Employers need to create free space to talk openly about mental health in the workplace; employers need to structure policies that will reduce humiliation and discrimination against those who are less able to survive; the millennials who do not have any vision of the future for themselves, older workers who are frightened that they might never again find a job, women, who have to swallow the burden of the economic decline, front line workers who feel they have not been supported enough.

At the government level, there must continue to be an investment in mental health issues and social protection in the workplace- both the private and public sectors. The Civil Service Agency must work with relevant stakeholders to design mental health programs and policies that support and protect civil servants. 

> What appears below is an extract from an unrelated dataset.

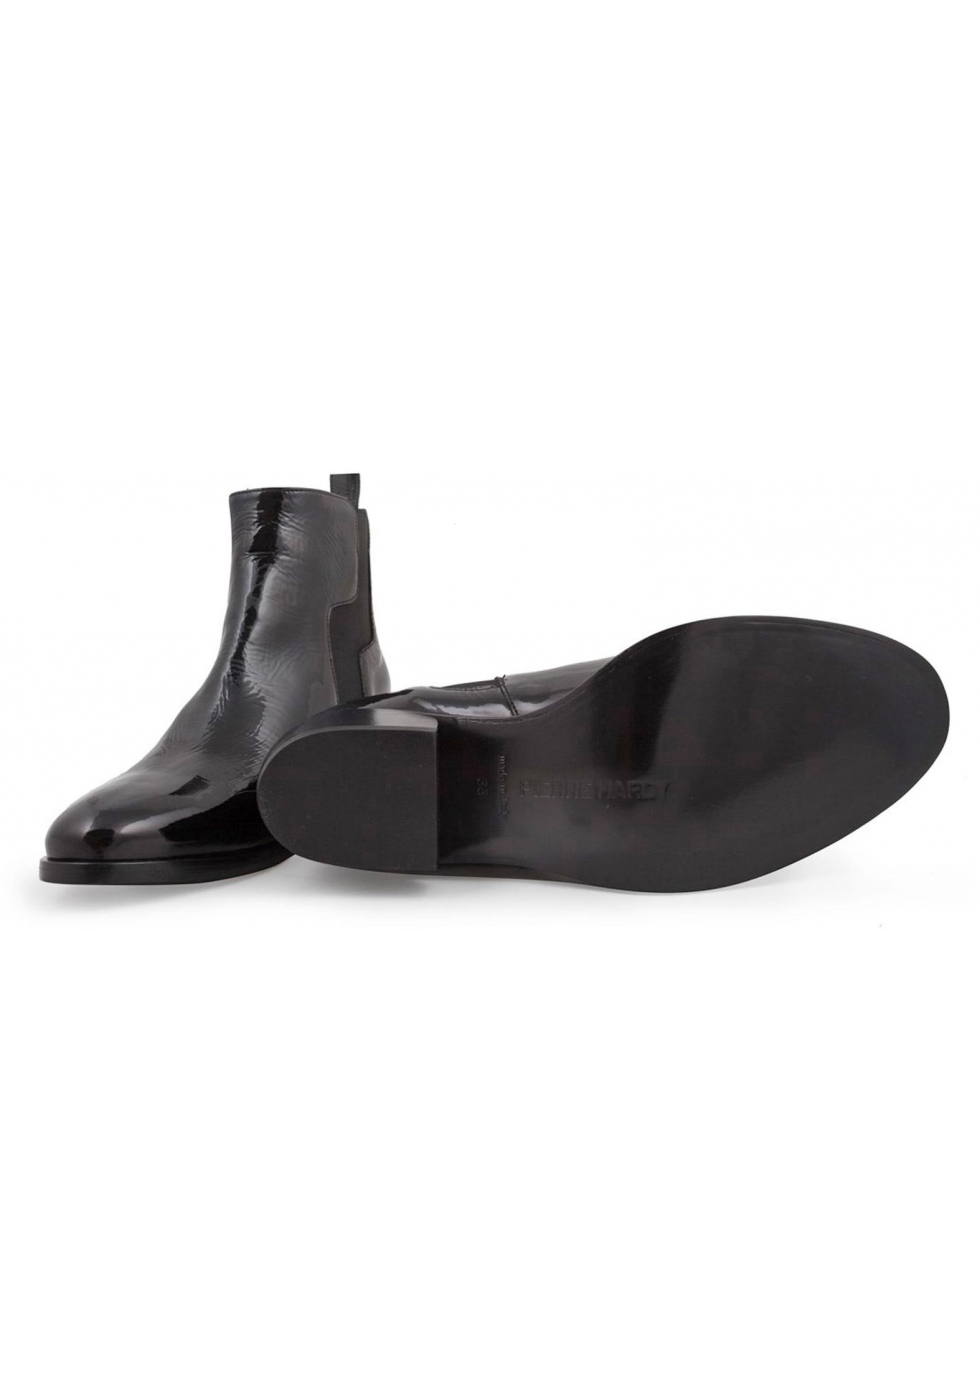 Pierre Hardy women's ankle boots in black patent leather - Italian Boutique

The Ministry of labor and Liberia Chamber of Commerce must work with the private sector employers and draft regulations that mandate and encourage private sector employers to allocate resources for mental health programs for employees-all employers’ handbooks must contain mental health and social protection policies that will also provide extra supportive measures to ensure the mental health of vulnerable disadvantaged groups and protected characteristics. 

At the international level, the Association of Liberia Human Resource  Professionals (ALHRP) pleads for more support to tackle mental health issues at work- it should not only be on Word Mental Day.  We plead for regular check-in and support to low- and lower-middle-income countries in which a large percentage of the citizens have no protection at all.

 We plead for a scale-up of mental health services which will contribute to the accomplishment of 1 of the marks of the Sustainable Development Goals, validated at the United Nations General Assembly in 2015: “by 2030, to shrink by one-third untimely mortality from no communicable diseases through preclusion and treatment and advancement of mental health and well-being."

Just as the work influences the mental health of employees, employees’ mental health can also upset their work, impacting job performance and productivity. Recent estimates from the WHO put forward that mental health issues cost the global economy $1 trillion per annum in lost productivity, absenteeism, and staff turnover. 

ALHRP as people management advocates, our workplace environment remains outside our control. The culture at work is established by those closer to power, in the realm of power or the hierarchy and employees often feel powerless or psychologically unsafe to speak out without anxiety of sentence or risking their jobs.

Whether employees’ mental health issues are caused by their workplace or trunk from elsewhere and are heartrending their performance, we encourage employees to increase their malleability, and better endeavor to accomplish their full potential at work and even beyond. We encourage employers to create a more productive work environment that nurtures mental health in the workplace.

About the author: Jonah Soe Kotee, BA, MSc-SHRM, LLM in Employment Law, GTML is the  President - of the Association of Liberia Human Resource Professionals (alhrp.org)  CEO - Gurus Human Resource Consulting Group (https://gurushrconsultancy.com/) and Vice president – Internet Society Liberia Chapter (https://internetsociety.org.lr/)

Editor’s note: The views expressed in this commentary are solely of the author and do not necessarily represent that of the Daily Observer newspaper.